This story was written by CBS News chief foreign correspondent Lara Logan.



The judge in the Saddam Hussein trial closed the case to the media today after the courtroom descended into chaos.

Saddam and Judge Raou Abdel Rahman shouted at each other for several minutes before the judge made the decision to close the trial to the public.

The trouble began when Saddam delivered what was essentially a rallying cry for the insurgency, urging those responsible for bombing the mosques to join forces in a jihad against the occupying forces and the United States.

"I call on the people to start resisting the invaders instead of killing each other," Saddam said.

The judge rebuked him: "Don't make a political speech. Now you are a defendant."

Saddam replied: "If it was not for politics, I would not be here and neither would you."

The deposed dictator, dressed in a black suit and white-collared shirt, waved his finger and shook his arm forcefully as he argued with the judge.

The judge responded in kind, snapping at the lawyers and letting everyone know who was in charge. Before he ordered the media blackout, the judge repeatedly cut the audio feed to the press, forcing journalists to struggle to follow what was being said.

The whole scene played out over about 35 minutes before the judge took the drastic step of ordering a blackout.

The media sits at the back of the court behind bullet-proof glass.
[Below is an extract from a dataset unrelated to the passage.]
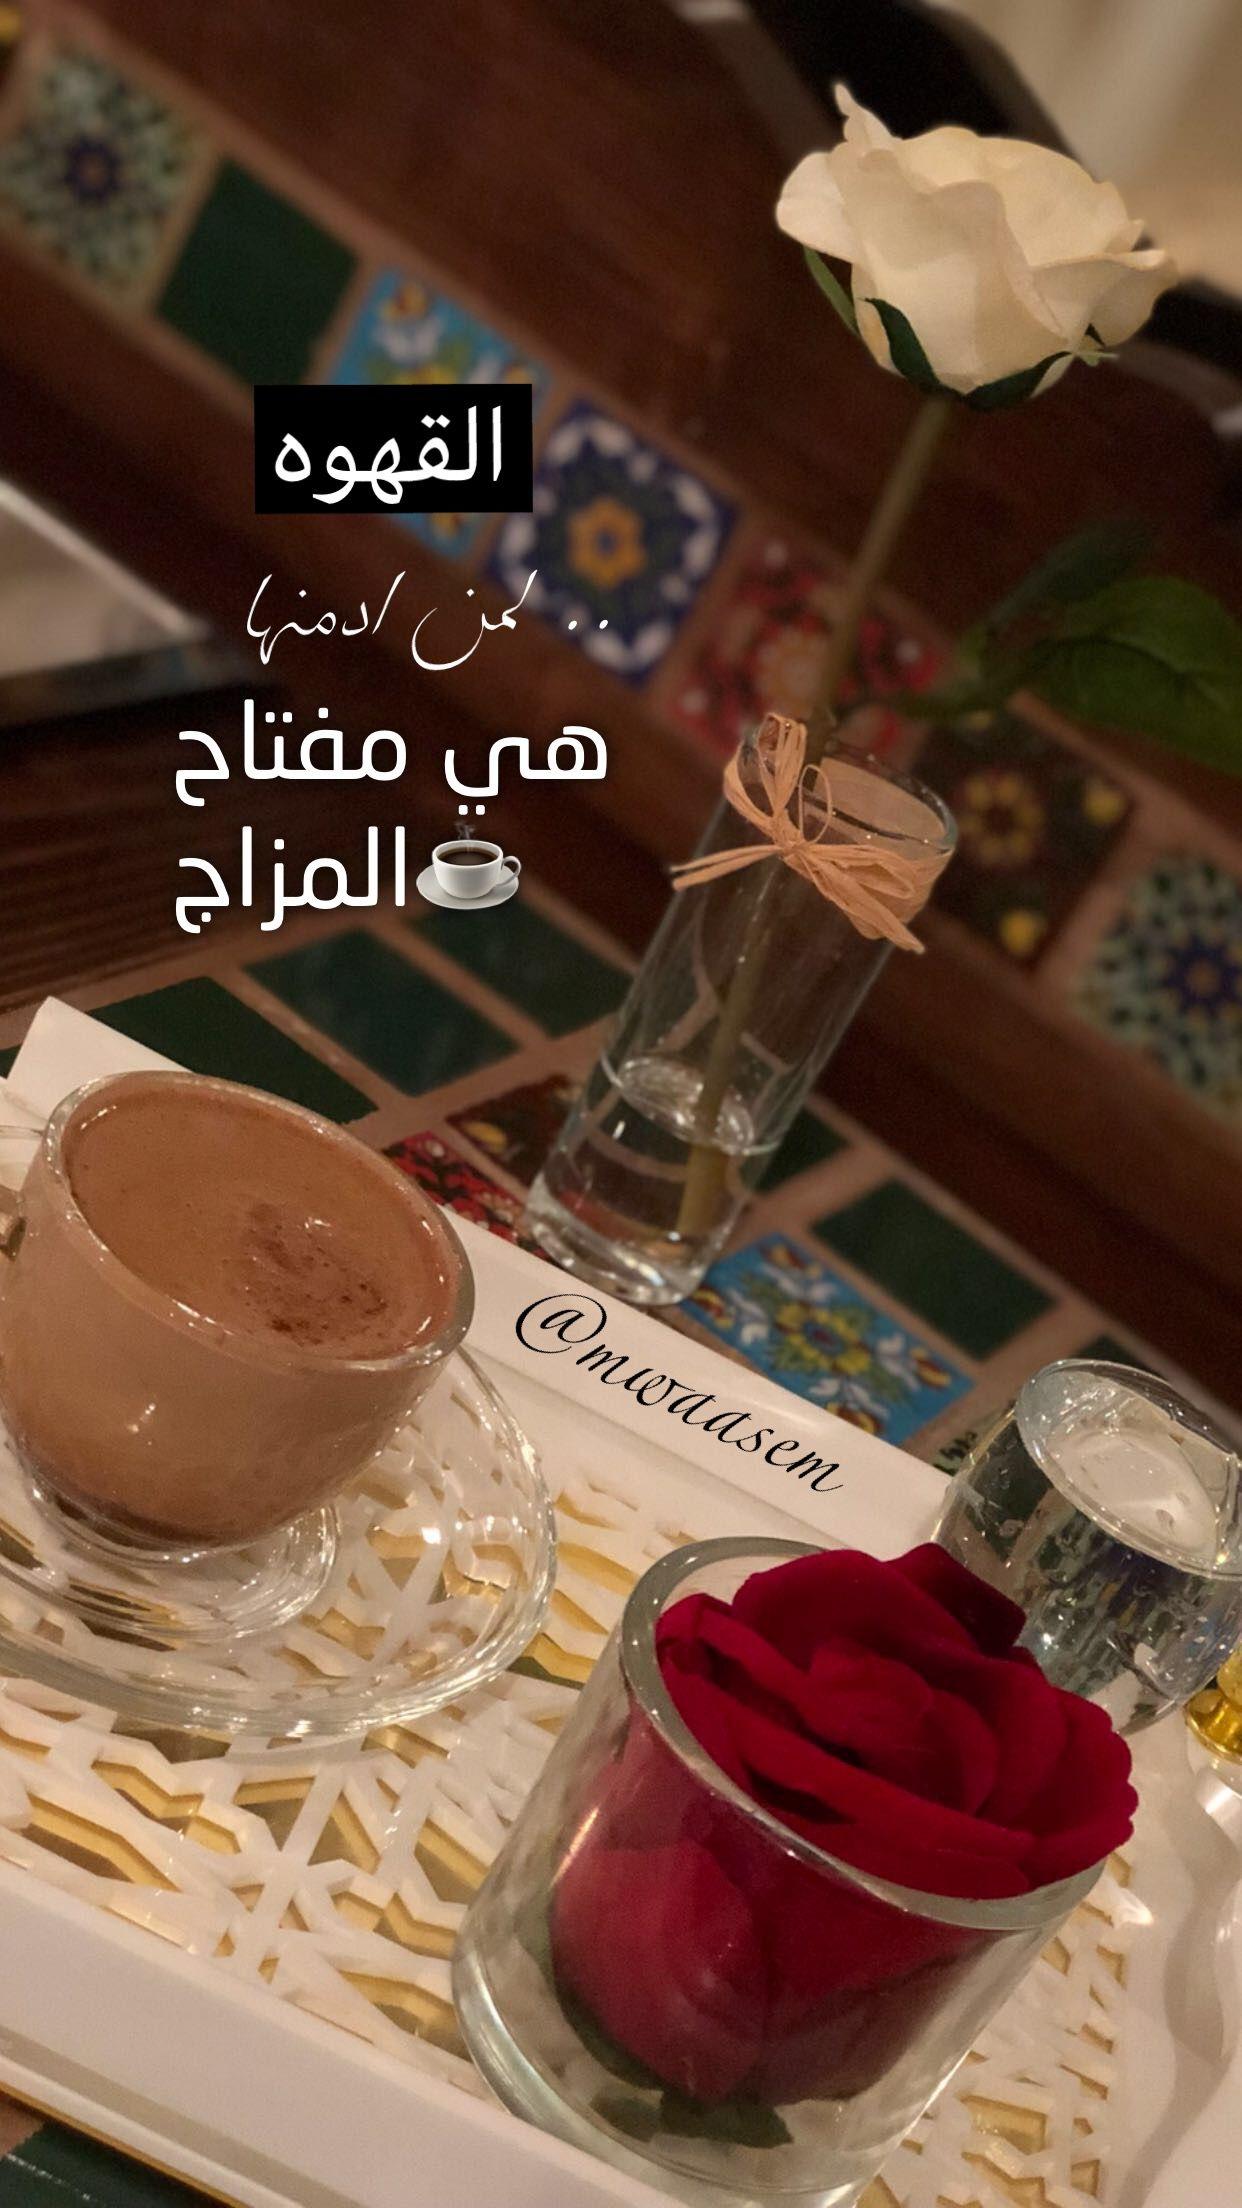 Pin By الجازي الجازي On رمزيات وصور منوعه Pudding Food Desserts

As soon as the session was closed, guards in the courtroom drew the gold curtains across the glass, shutting out the scene in the courtroom and leaving the media in darkness — both literally and figuratively.

The media remained in the building, working from a press room two floors below the court, until word came that the trial had been adjourned until April 5.

Earlier, the trial resumed in typical fashion when defendant Barzan Ibrahim al-Tikriti began his testimony with a long, convoluted rhetoric that would never have been tolerated in a Western court.

The half-brother of Saddam Hussein and former intelligence chief was warned by the judge not to stray from the case at hand, but that's exactly what he did from the moment he started talking.

Barzan launched an interminable odyssey that covered everything from his failing health to the wonders of Saddam Hussein as a leader. (He assured the court that it was rare to find a leader that powerful and respected who was also unselfish.)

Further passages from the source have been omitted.